Im Verkehrsbereich sei nun die Chance, Weichenstellungen für ein gutes Konzept mit Tramausbau umzusetzen. „Ich bin da sehr optimistisch, da mehrere Parteien diese Haltung haben, wie Grüne, SPÖ oder NEOS“, so Kahr. Der Ausbau müsse zusammen mit dem Land und dem Bund geschehen.

Dazu komme auch eine verstärkte Wiederaufnahme von Stadtteilarbeit und „spürbar mehr Grün“. Da könne die Stadt schauen, wo sie selbst Liegenschaften erwerben könne, „für Entsiegelung und für leistbares Wohnen. Es ist ja nicht jedes verbaute Grundstück grundsätzlich negativ“. Man müsse im Bereich ungezügeltes Bauen jedenfalls sehen, wo man eine Bremse anziehen könne, das werde schwierig und gehe nicht mit einem Fingerschnippen, denn viele Investoren hätten ja bereits die Grundstücke. Sie werde sich demnächst mit dem Stadtbaudirektor treffen.

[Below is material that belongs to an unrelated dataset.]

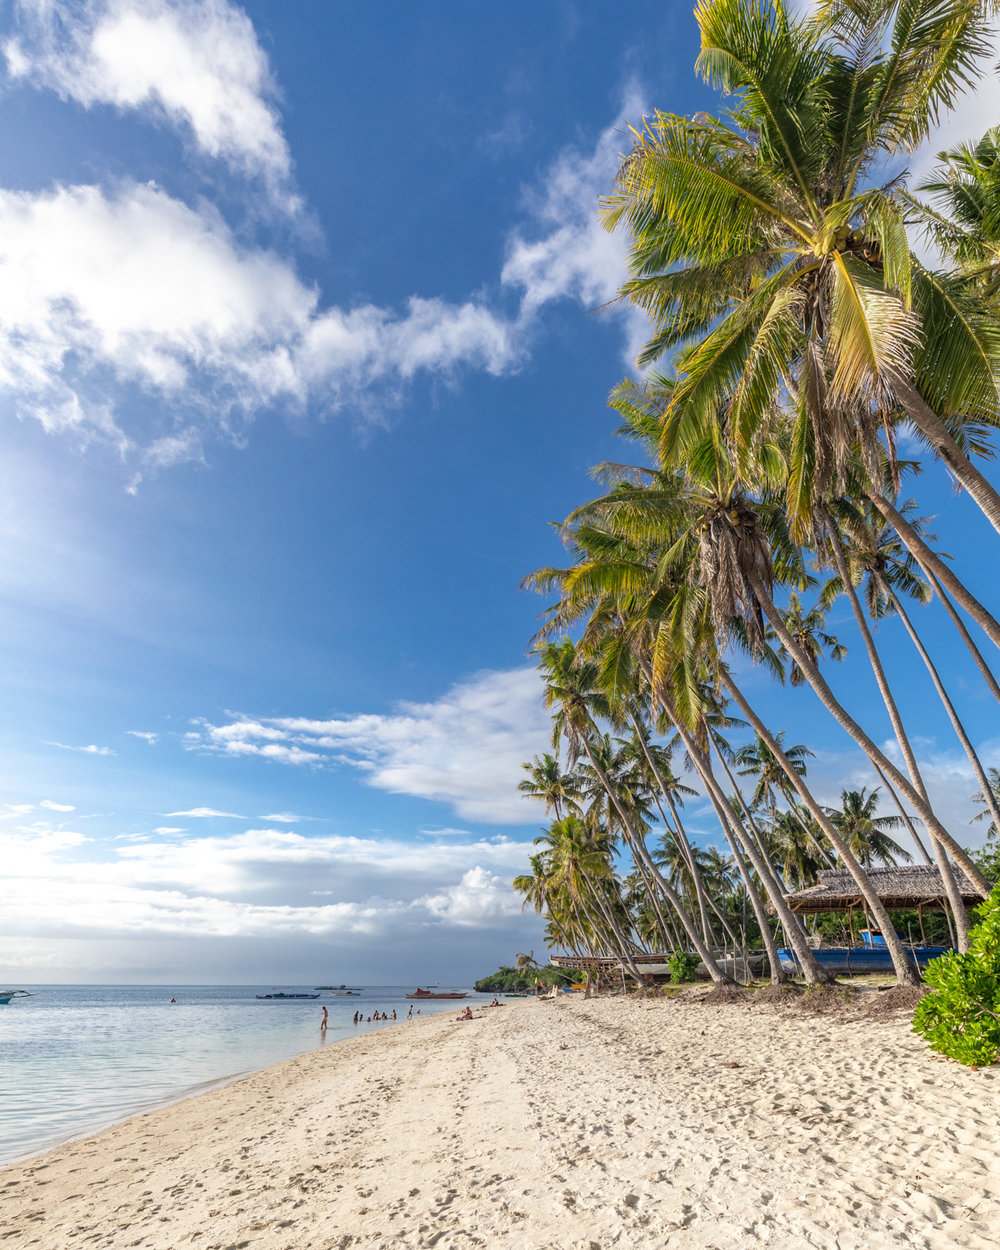 Paliton Beach on Siquijor Island, The Philippines

Keine Sorge vor „Umfärbungen“

„Niemand muss Sorge haben, es ist jetzt nicht so, dass da eine neue Partei kommt, und alles ist anders“, zerstreut Kahr Befürchtungen von „Umfärbungen“. Sie wolle in diesem Zusammenhang den öffentlich Bediensteten ihren Dank aussprechen, die mit einem enorm niedrigen Personalstand wichtige Aufgaben für die Menschen erledigten.

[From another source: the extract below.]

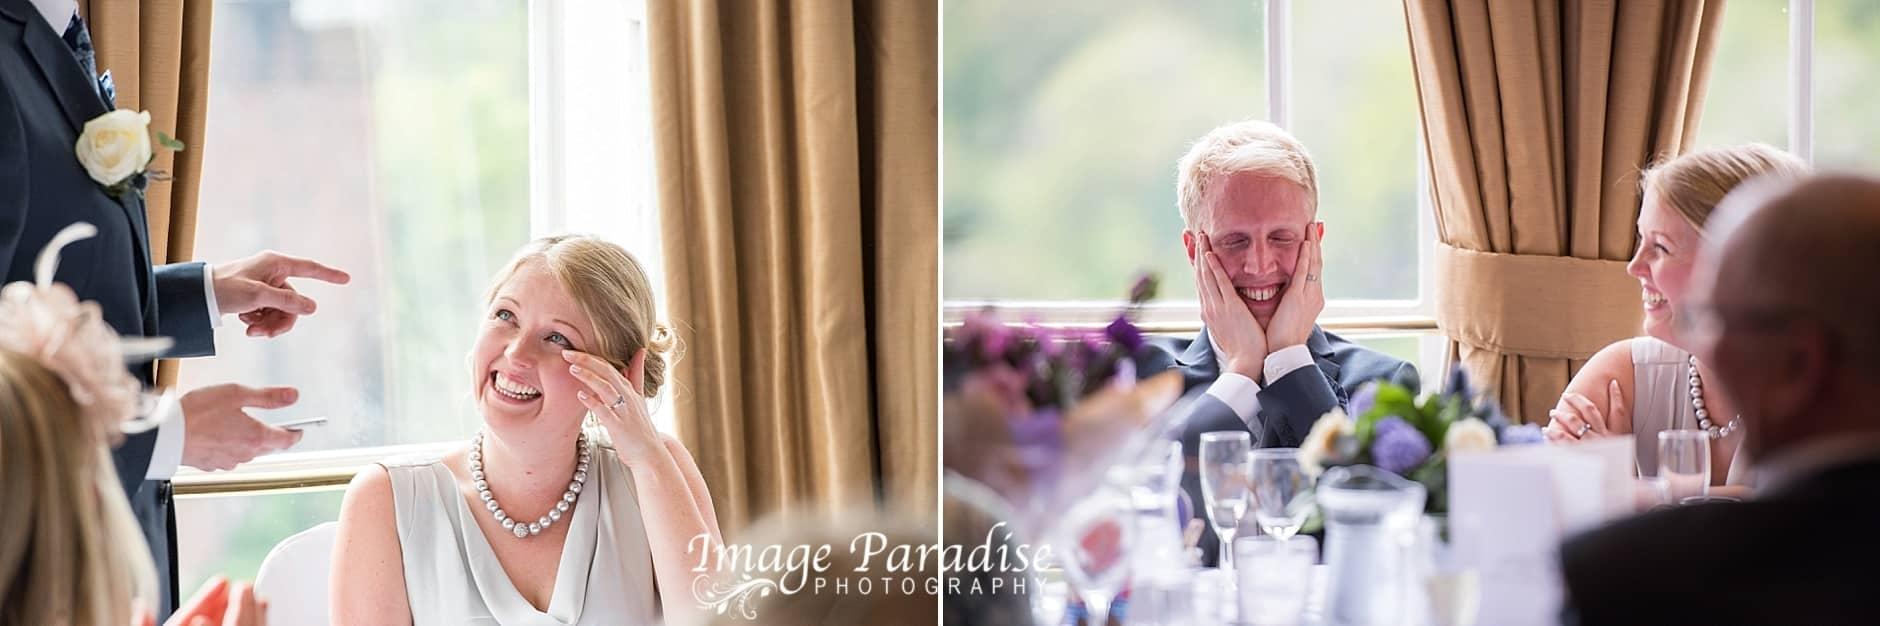 Bride & Groom during the wedding speeches at Avon Gorge Hotel

„Keine große Freundin von Fünf-Minuten-Gesprächen“

Interesse hätte sie am Sozialressort, die Gesundheits- und Pflegeagenden seien von ihrem Kollegen Robert Krotzer gut verantwortet worden. Ob sich ihr Herangehen an Politik ändern würde, mit den vielen etwa repräsentativen Verpflichtungen eines Stadtoberhaupts? „Ich bin keine große Freundin von Fünf-Minuten-Gesprächen.“ Den Parteienverkehr und die Sprechstunden wolle sie sich auf jeden Fall erhalten, „auch, damit ich meinen Kompass nicht verliere. Ich muss das ja nicht so anlegen wie bisherige Politiker. Vieles an Repräsentationspflichten können ja auch die jeweiligen Stadträte übernehmen. Ich möchte gerne auch dort hingehen, wo bisherige Bürgermeister nicht waren.“

Nagl „unaufgeregt, sachlich, mit gewissem Humor“

Darauf angesprochen, was ihr vom scheidenden Bürgermeister Nagl in Erinnerung bleibe – mehr dazu in Nagl-Rücktritt: Eine Ära geht zu Ende – und was bewahrenswert sei, sagt Kahr: „Er hat unter anderem die Stadtsenats- und die Gemeinderatssitzung ausgezeichnet geführt, wenngleich es zum Schluss an Einbindung der anderen Fraktionen gefehlt hat. Siegfried Nagl hat unaufgeregt und sachlich agiert, auch mit einem gewissen Humor, was sehr wichtig ist“, antwortet Kahr ohne zu zögern.